_WHAT TO DO:_
Pictures stay out of the copy; output exactly the lines from the one containing "Plate 43, Illustration" through the end of the material.

_COLLECTED MATERIAL:_
————
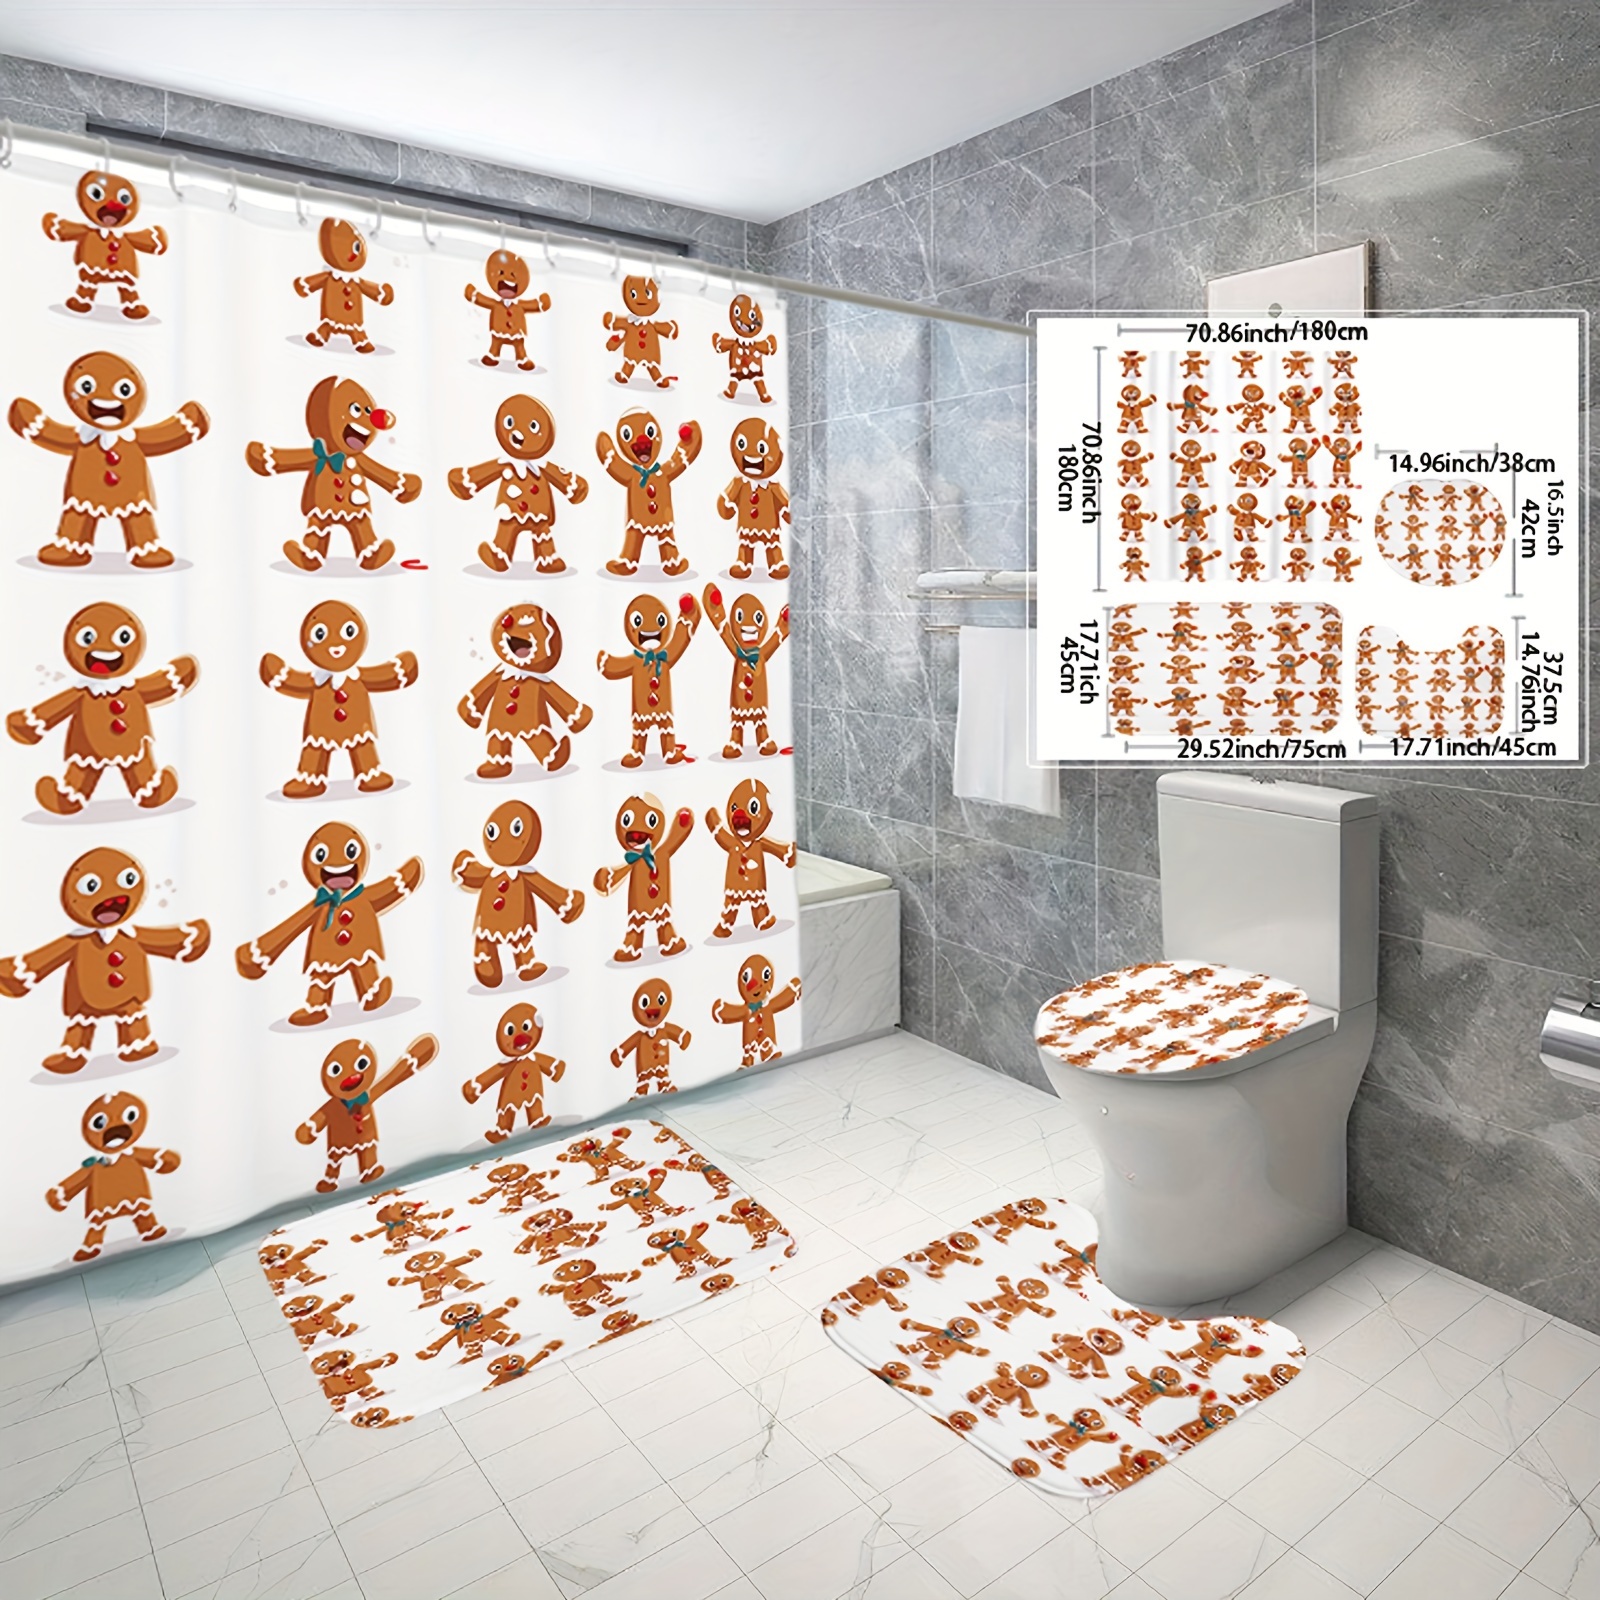 

Festive Gingerbread Man Christmas Shower Curtain Set: Includes 1/3/4 Pcs, 12 Hooks, Bathroom Rugs, Toilet Seat Cover, And U-shaped Mat - Perfect For Walk-in Showers
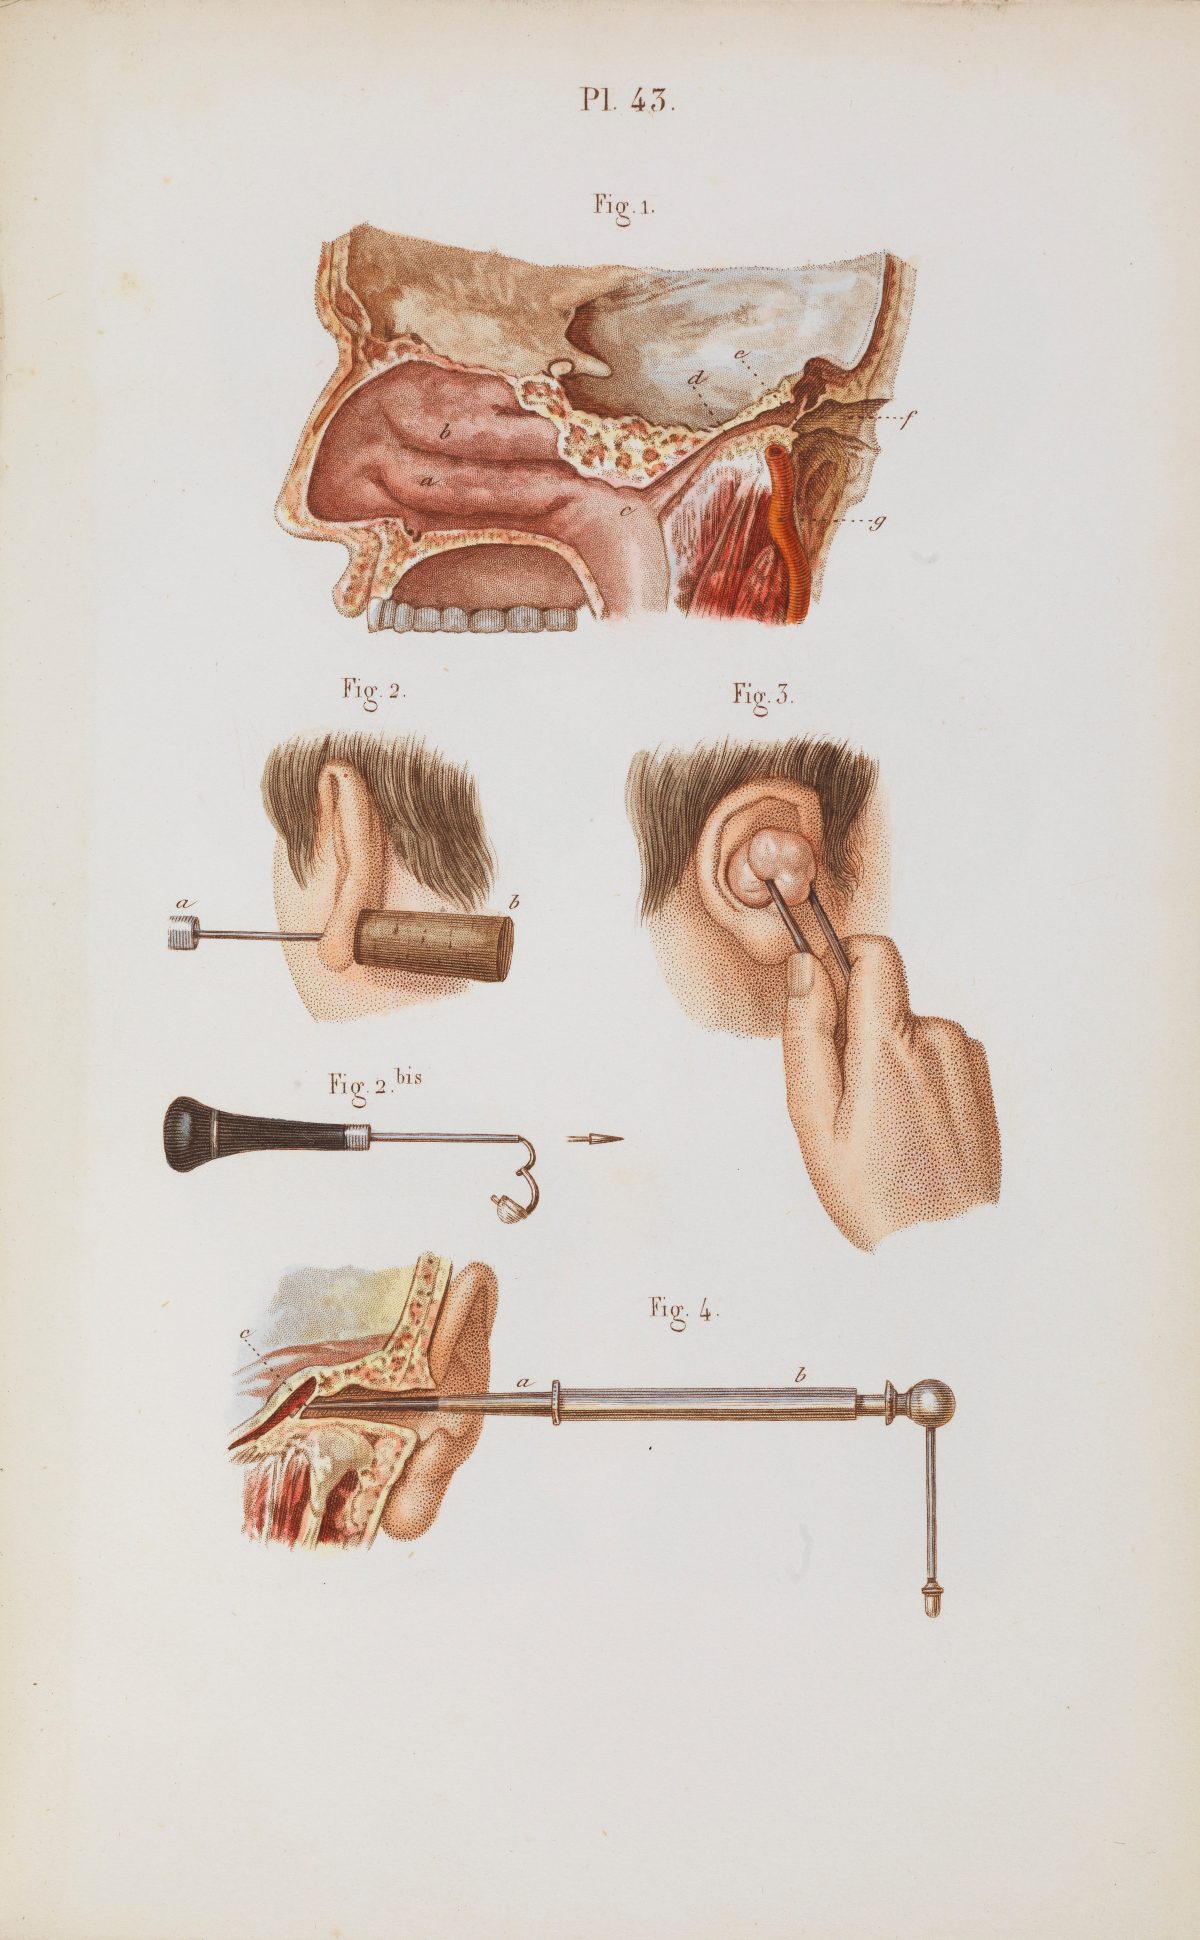 Plate 43, Illustration and anatomy of ear surgery.
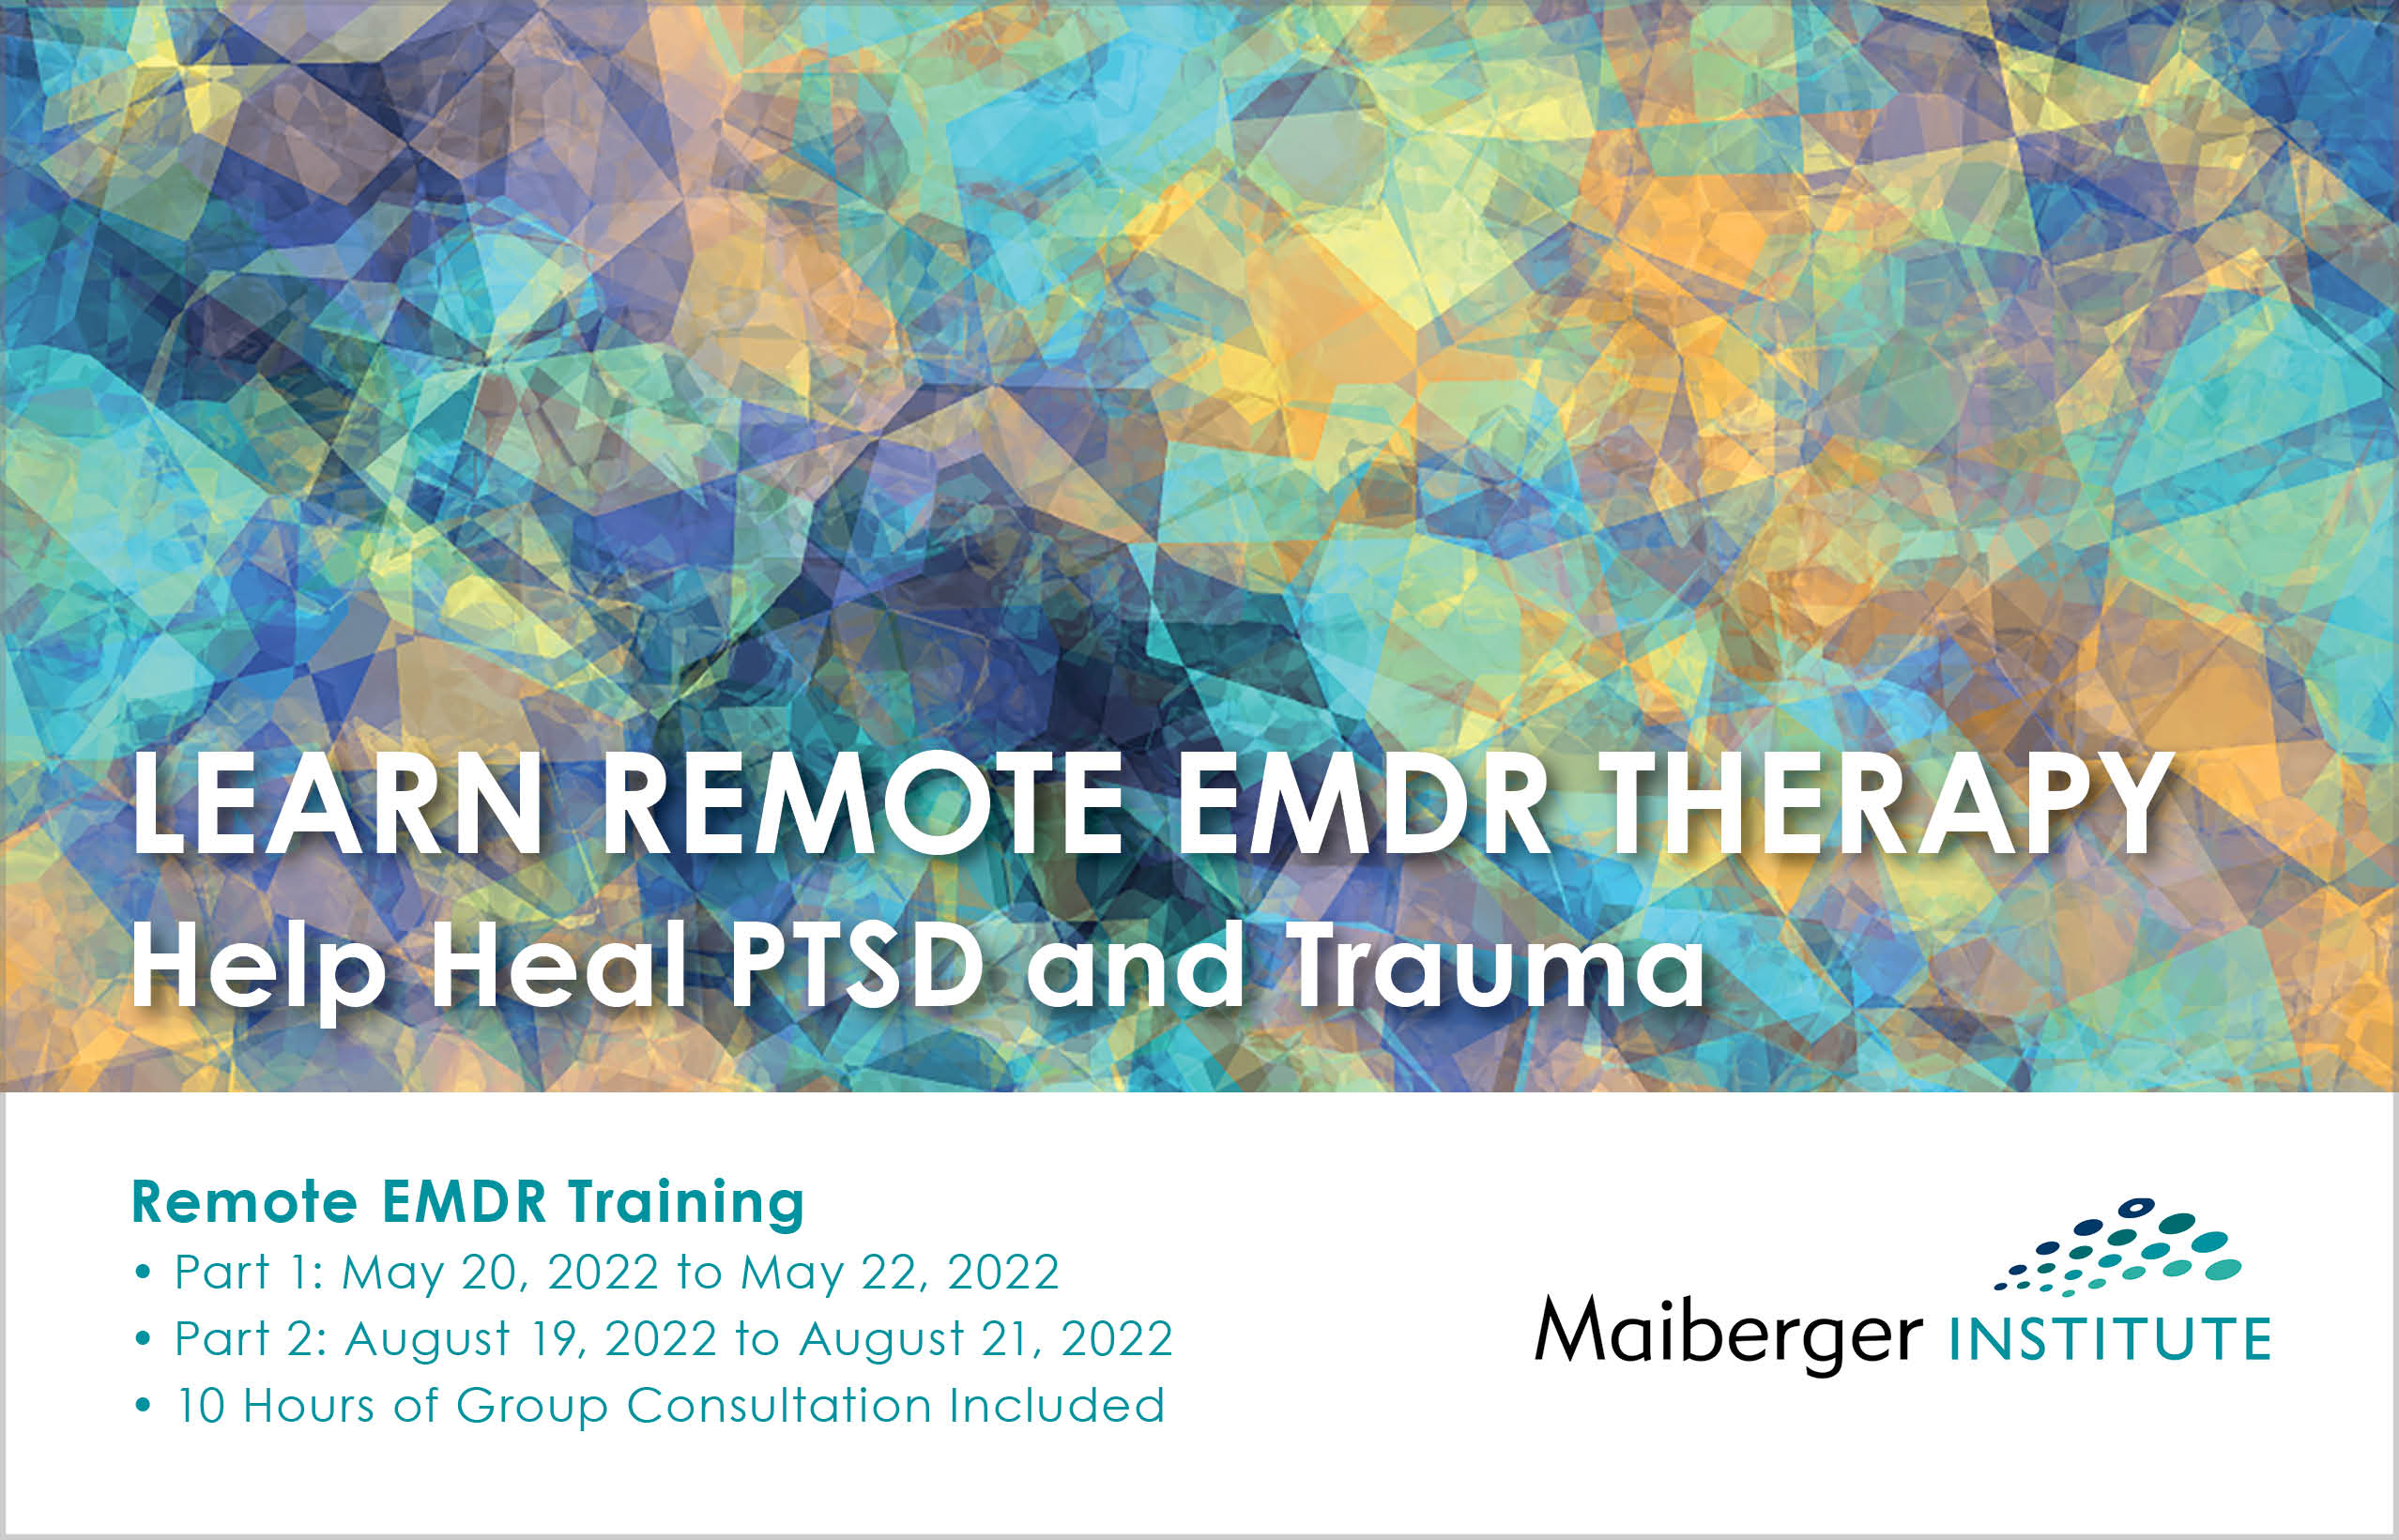 Remote EMDR Training - Part 1: May 20, 2022 to May 22, 2022 - Part 2: August 19, 2022 to August 21, 2022 - 10 Hours of Group Consultation Included
————
_SOLUTION TO THIS TASK:_
 Plate 43, Illustration and anatomy of ear surgery.
 Remote EMDR Training - Part 1: May 20, 2022 to May 22, 2022 - Part 2: August 19, 2022 to August 21, 2022 - 10 Hours of Group Consultation Included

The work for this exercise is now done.